RECORDED DATA>
────────────────────────────────────────

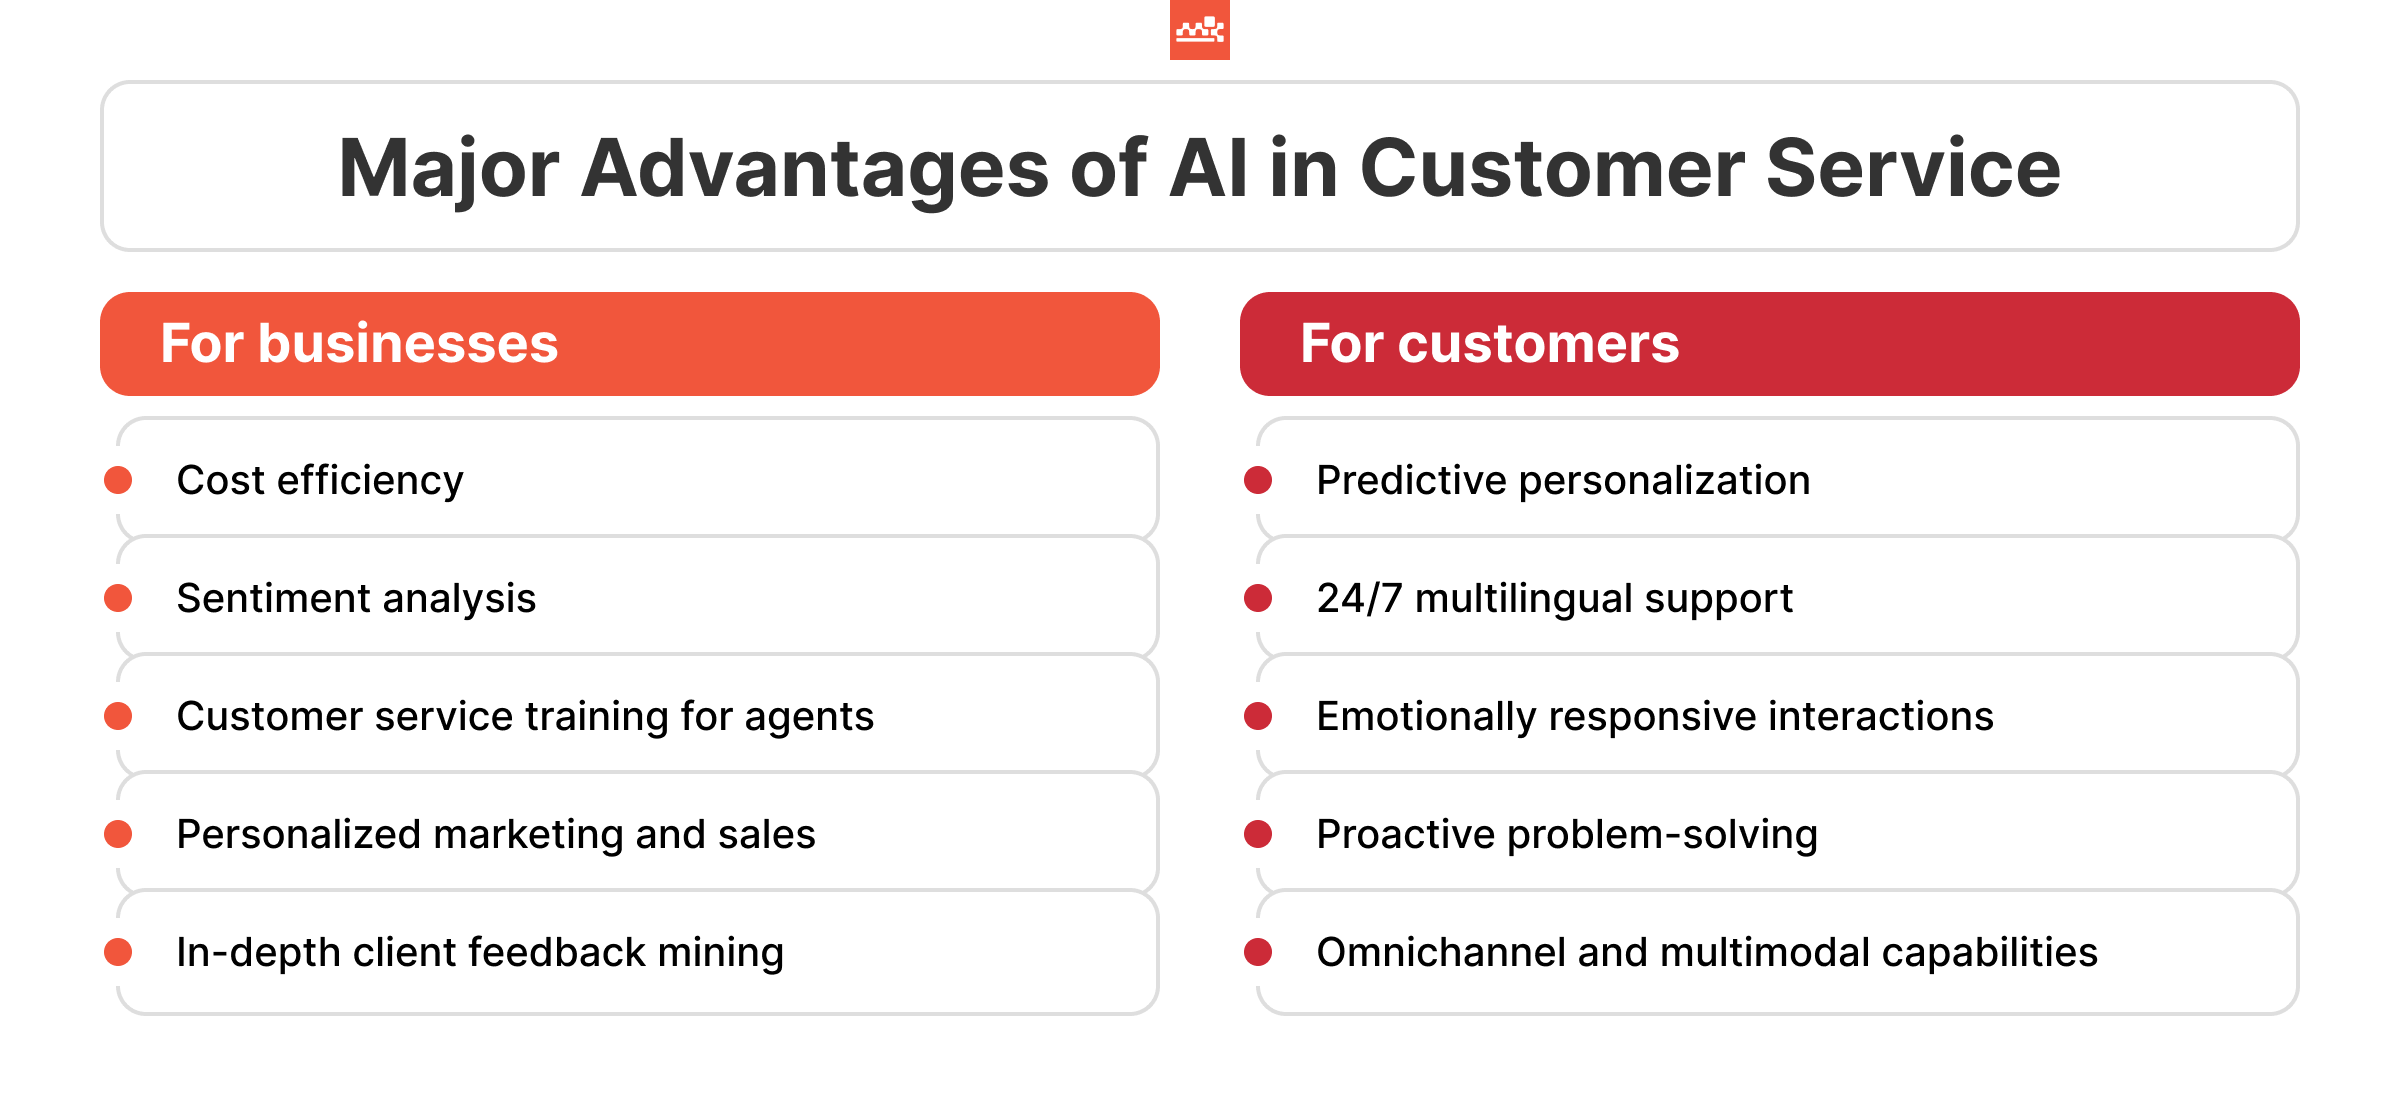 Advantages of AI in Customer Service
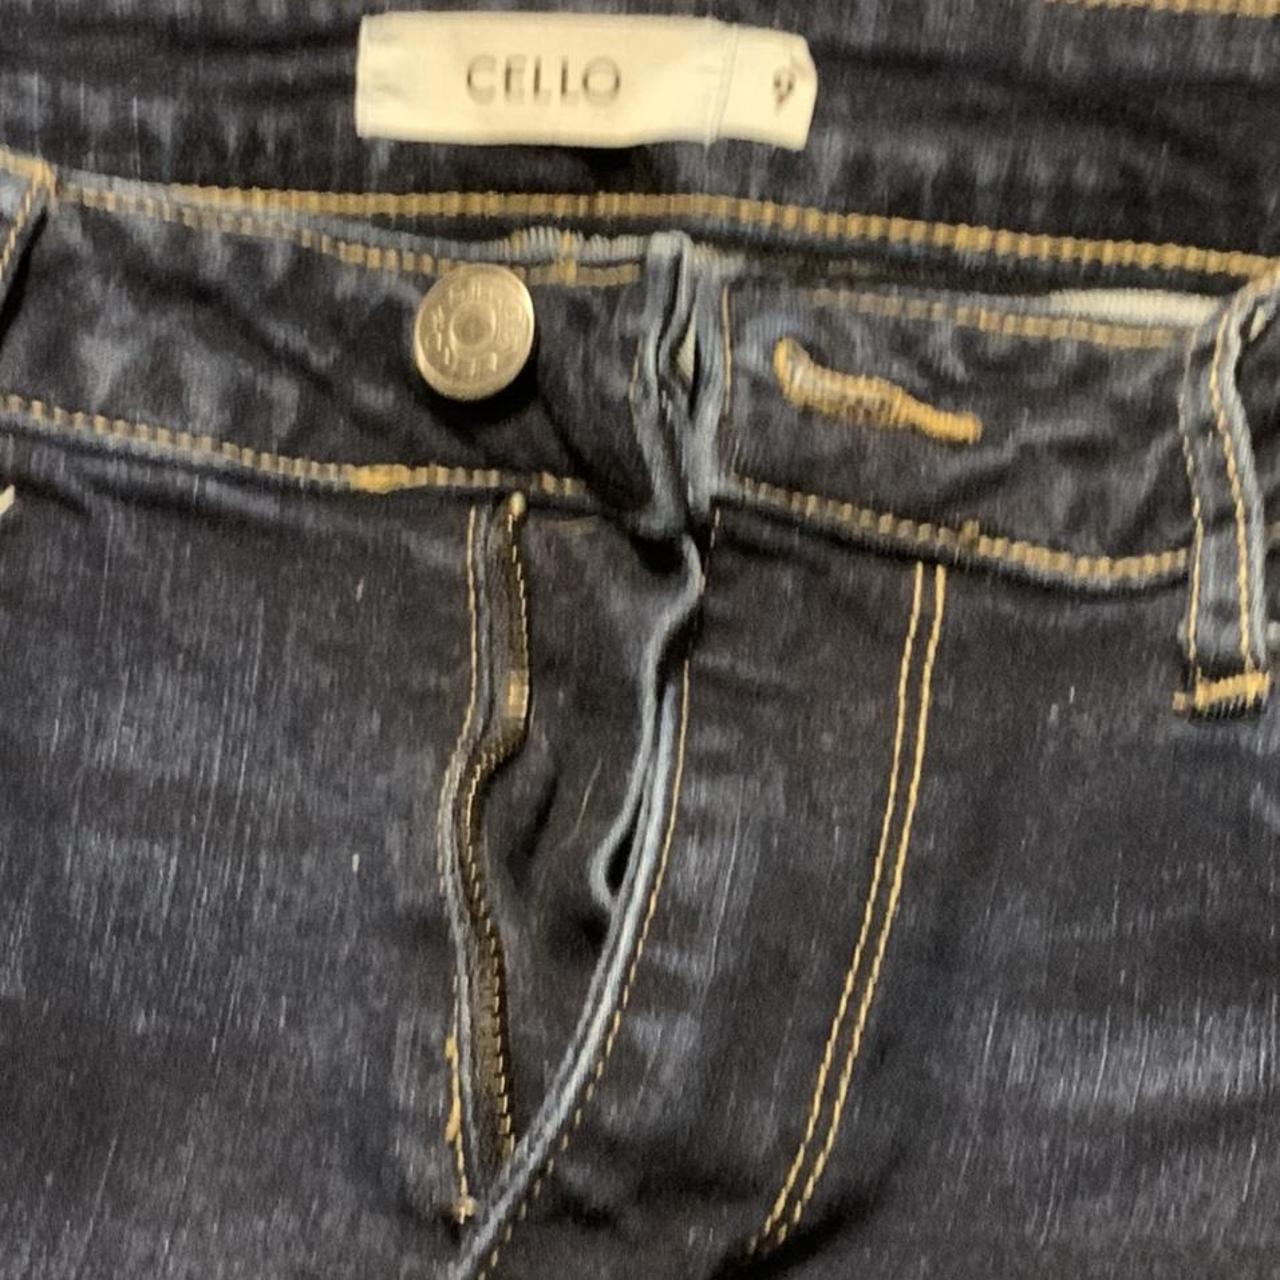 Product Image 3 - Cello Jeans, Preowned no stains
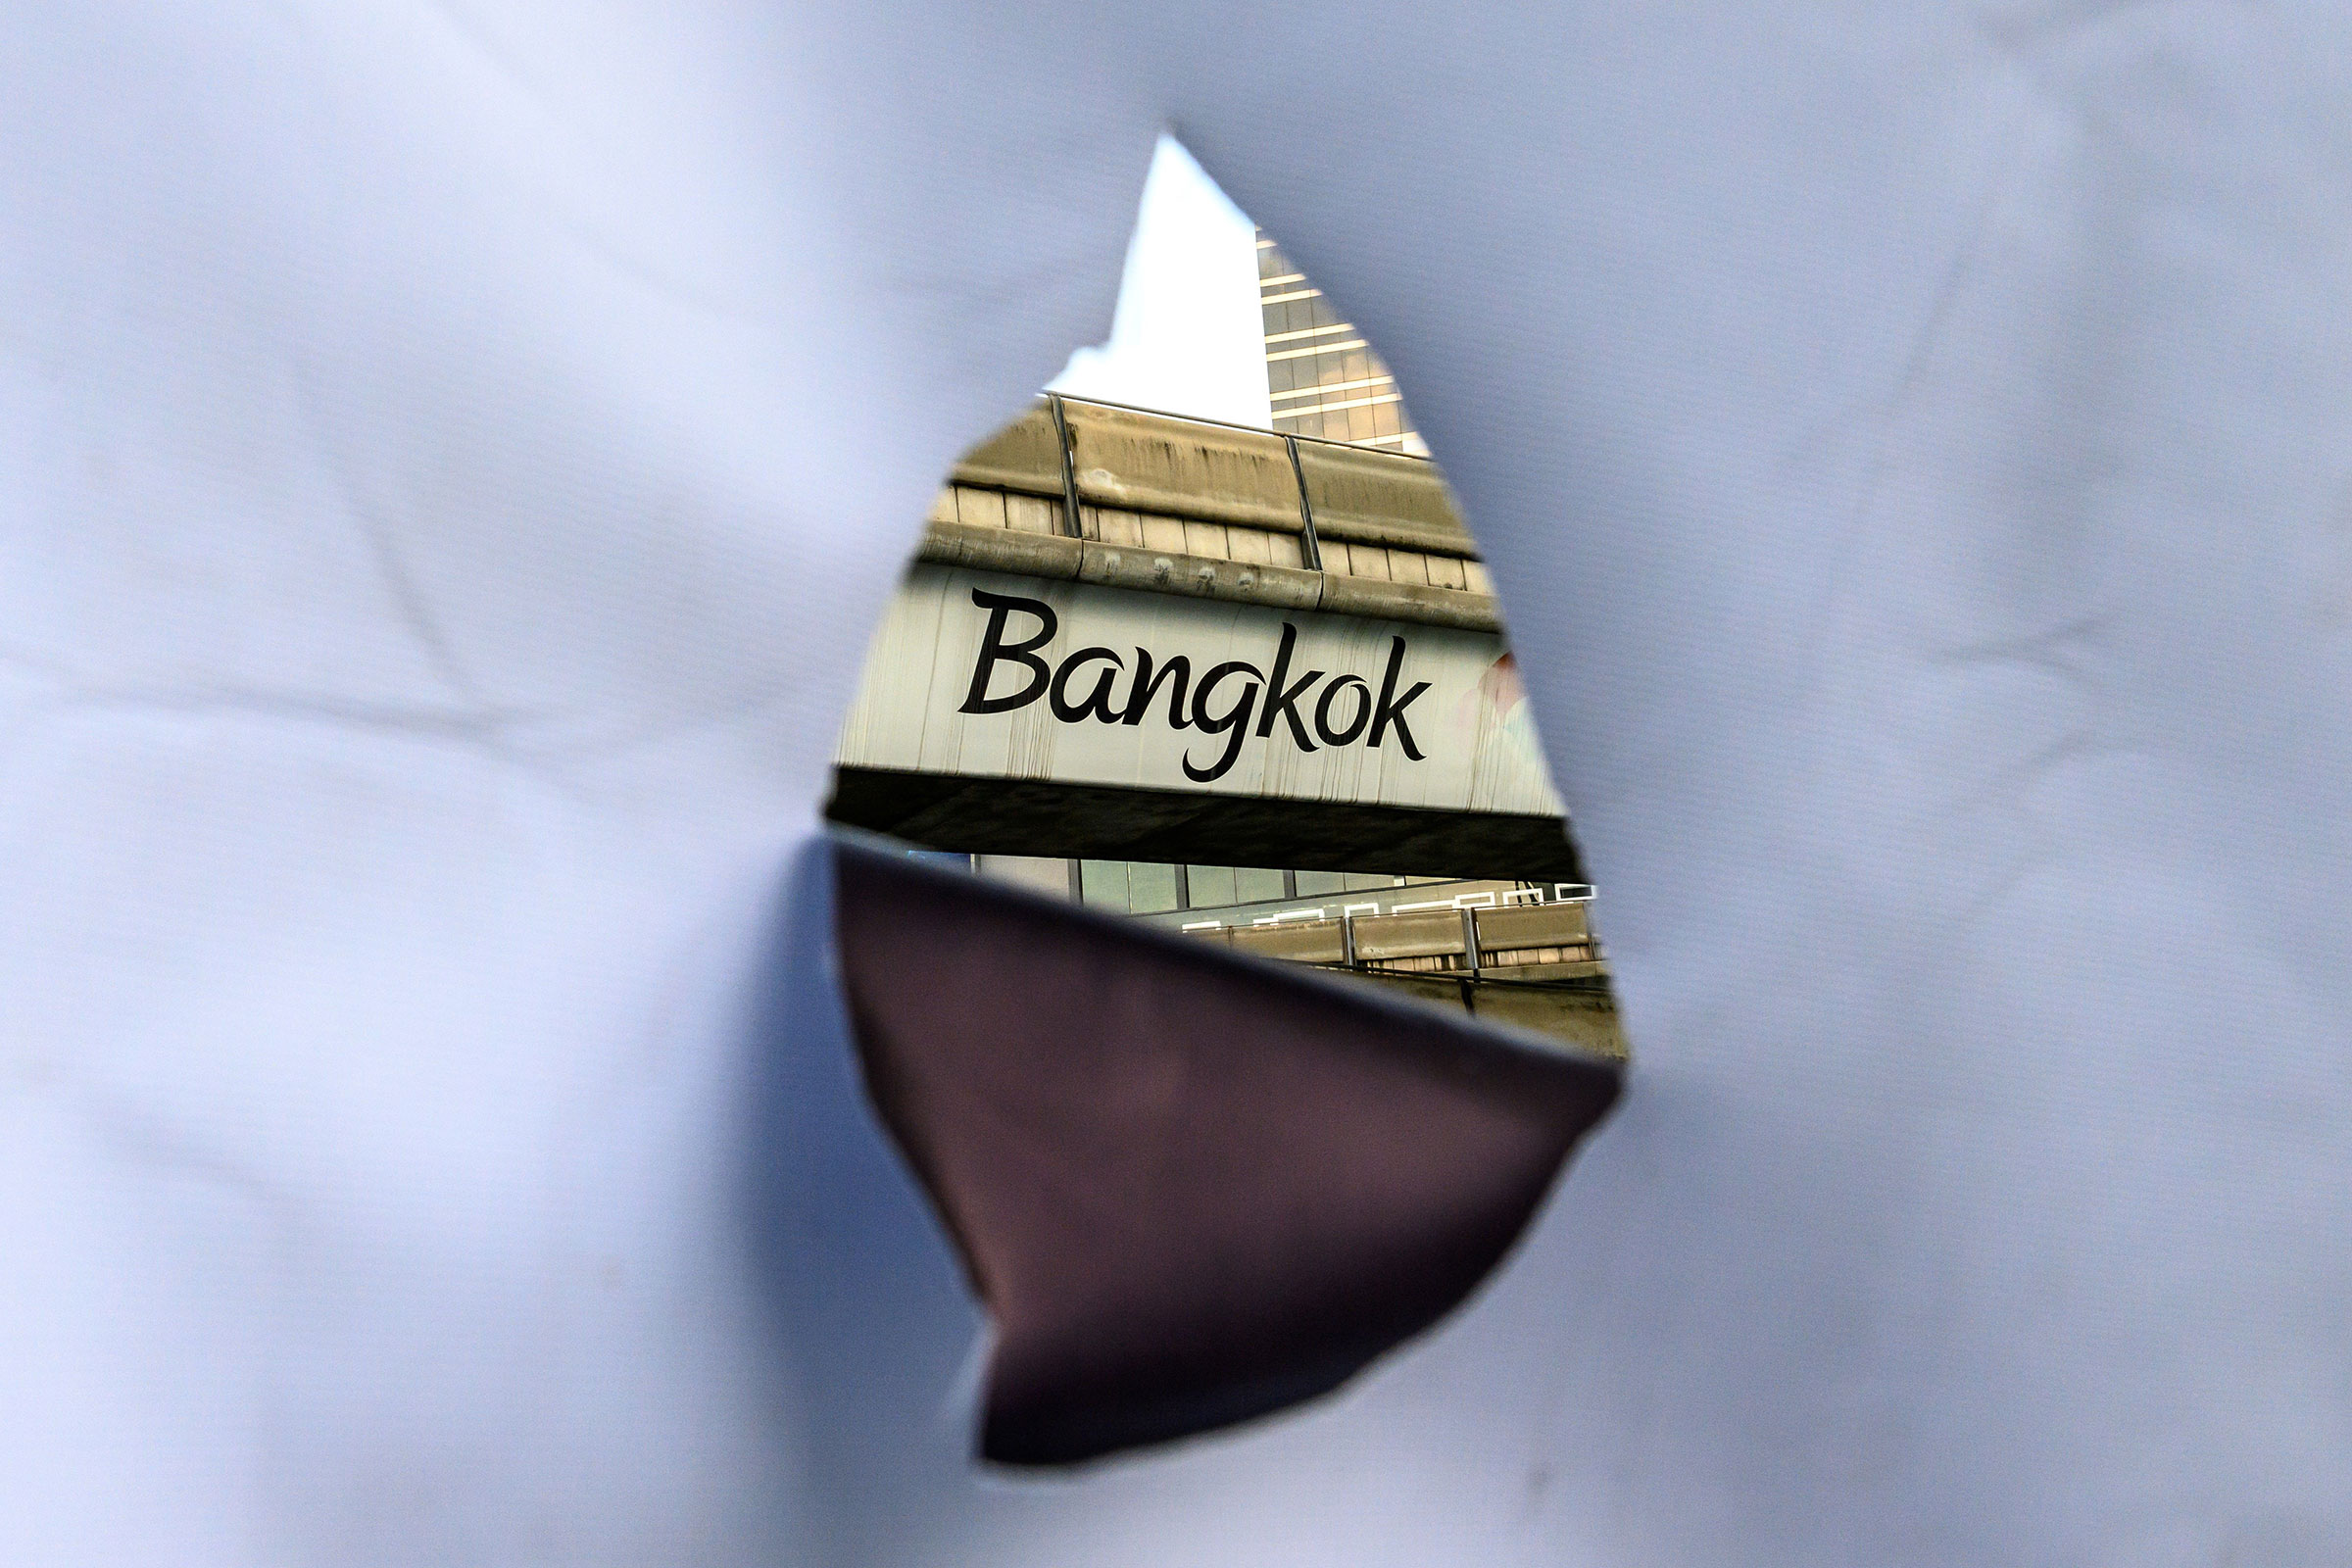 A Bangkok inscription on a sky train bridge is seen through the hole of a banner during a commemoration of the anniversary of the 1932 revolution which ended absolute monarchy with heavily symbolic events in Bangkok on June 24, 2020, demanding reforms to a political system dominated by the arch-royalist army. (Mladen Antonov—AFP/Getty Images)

────────────────────────────────────────

Beginning with the line that contains "Product Image 3" and ending with the last line of the data above, output those lines exactly and nothing more, without any pictures.

WRITTEN SOLUTION>
 Product Image 3 - Cello Jeans, Preowned no stains
 A Bangkok inscription on a sky train bridge is seen through the hole of a banner during a commemoration of the anniversary of the 1932 revolution which ended absolute monarchy with heavily symbolic events in Bangkok on June 24, 2020, demanding reforms to a political system dominated by the arch-royalist army. (Mladen Antonov—AFP/Getty Images)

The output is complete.